Analytical method to solve a system of ODEs

[BlackTulip]

Hello All,

I am new to this community but by reviwwing the questions and answers posted in this forum I was encouraged to share my question with you and I hope you can help me.

I have a system of 4th order ordinary differential equations for several functions which I call them:

$$y_1,y_2, ..., y_n$$ and all of them are single variable functions e.g. $$y_1 = f(x)$$

The system looks like:

$$\left\{y_1', y_1'', y_1''', y_1^{(4)}, y_2', y_2'', y_2''', y_2^{(4)}, ... y_n', y_n'', y_n''', y_n^{(4)}\right\}^{T}=\left[A\right] \left\{y_1, y_1', y_1'', y_1''', y_2, y_2', y_2'', y_2''', ... y_n, y_n', y_n'', y_n'''\right\}^{T}$$

Where $$\left[A\right]$$ is the coefficient matrix.
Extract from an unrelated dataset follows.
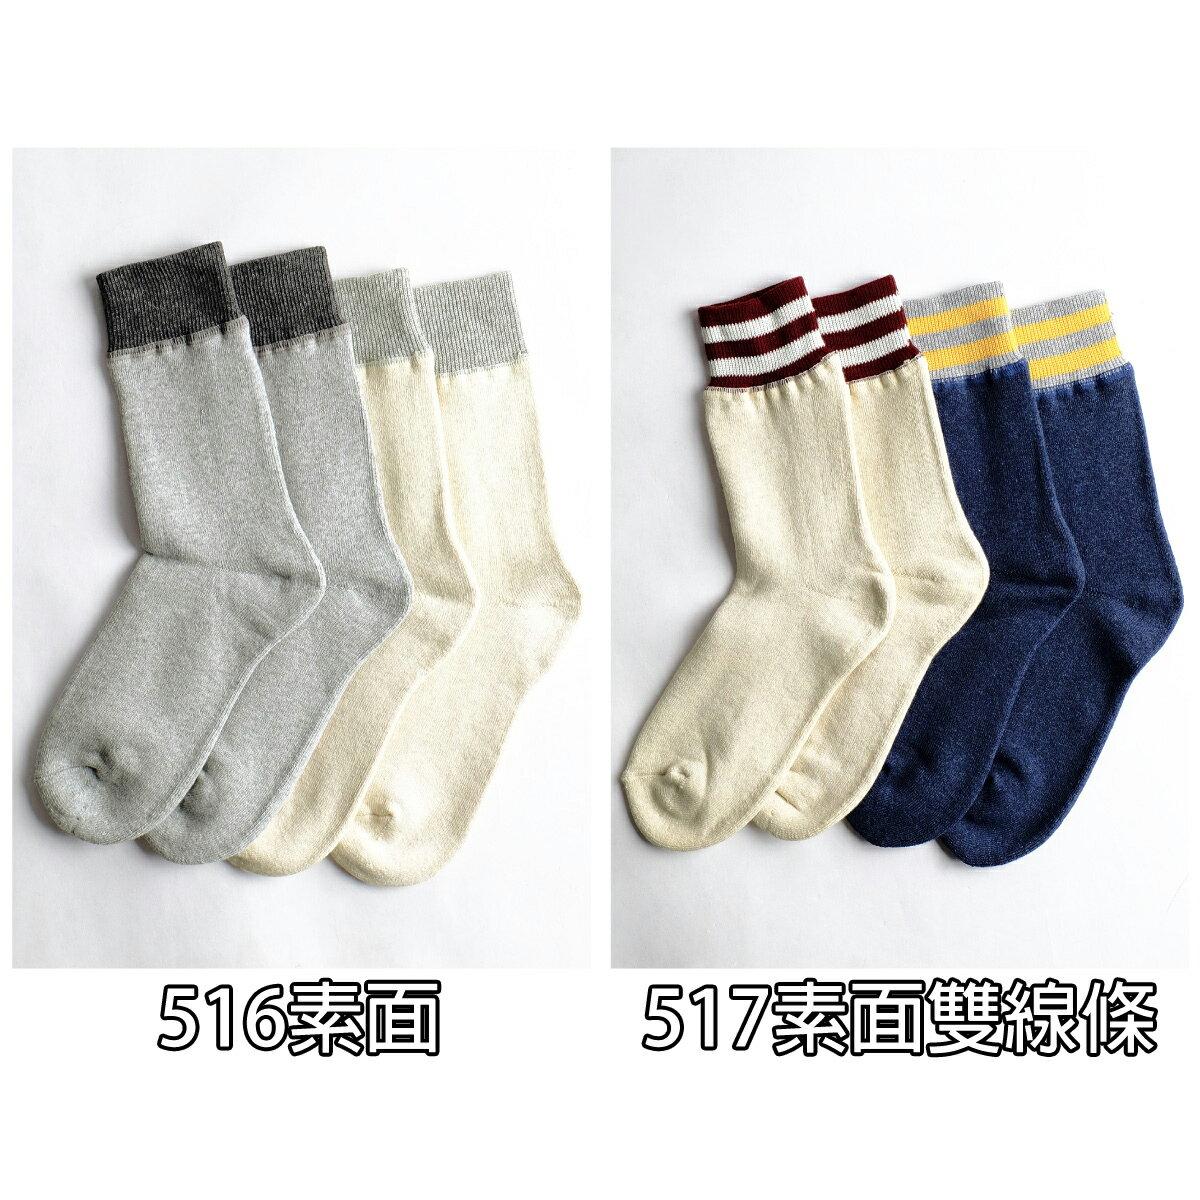 中筒針織襪 3件組 1

In short form this equation can be written as:
$$\left\{Y'\right\} = \left[A\right] \left\{Y\right\}$$

Now, my question is that if the eigenvalue method is accurate enough to solve this system of equation or I should use a different method to solve such system of ODEs.

I am waiting for your valuable comments.

 

[chiro]

Hey BlackTulip and welcome to the forums.

Have you checked the properties of A? Is it ill-conditioned?

If it is ill-conditioned then it means that the product of the eigen-values for one are close to zero if I recall correctly (and you should verify all things for yourself).

The other thing I guess to check is whether the set of eigenvectors forms a basis.

Have you come across how to check the condition of a matrix and how to use that for getting solutions to a variety of linear systems problems?

 

[BlackTulip]

Thank you Chiro for your comments.

I used cond() function in Matlab to check if A is ill-conditioned. The condition number of A is not close to 1. Normally it is around 30. But in some cases it is around 1000.

I checked the product of the eigenvalues of A and in most cases it is not close to zero.

To check if the eigenvectors form a basis I used rref() function and in all cases it gave me identity matrix which implies that the eigenvectors are all linearly independents.


Taking all these into account do you think the method that I use to solve the system of ODE is an appropriate one?

I am curious to know if any of the cases that you mentioned occur what would be the best method to solve the system of ODEs analytically.

Thanks

 

[chiro]

Thank you Chiro for your comments.

I used cond() function in Matlab to check if A is ill-conditioned. The condition number of A is not close to 1. Normally it is around 30. But in some cases it is around 1000.

I checked the product of the eigenvalues of A and in most cases it is not close to zero.

To check if the eigenvectors form a basis I used rref() function and in all cases it gave me identity matrix which implies that the eigenvectors are all linearly independents.

Taking all these into account do you think the method that I use to solve the system of ODE is an appropriate one?

I am curious to know if any of the cases that you mentioned occur what would be the best method to solve the system of ODEs analytically.

Thanks

The above sounds good.

There is one thing that is always good for checking whether a solution (i.e. analytic) is good: you compare it against a stable numerical solution.

If you are a bit unsure about whether an analytic solution is valid, it's always a good idea to run a numerical solution using something like Runge-Kutta or some other valid scheme and then see how the two compare.

Any kind of thing like this is always useful and if you ever get in a situation where you are unsure and need some verification, this is always a good thing to think about.

 

[blue_raver22]

I would say that the choice of method to solve a system of ODEs depends on the specific characteristics of the system and the desired level of accuracy. The eigenvalue method can be a useful tool for solving certain types of systems, but it may not always be the most accurate or efficient method. Other methods, such as finite difference or finite element methods, may also be effective for solving ODE systems. It is important to carefully consider the properties of the system and the desired level of accuracy before choosing a method. Additionally, it may be helpful to consult with other experts in the field or refer to literature on similar systems to determine the most appropriate approach.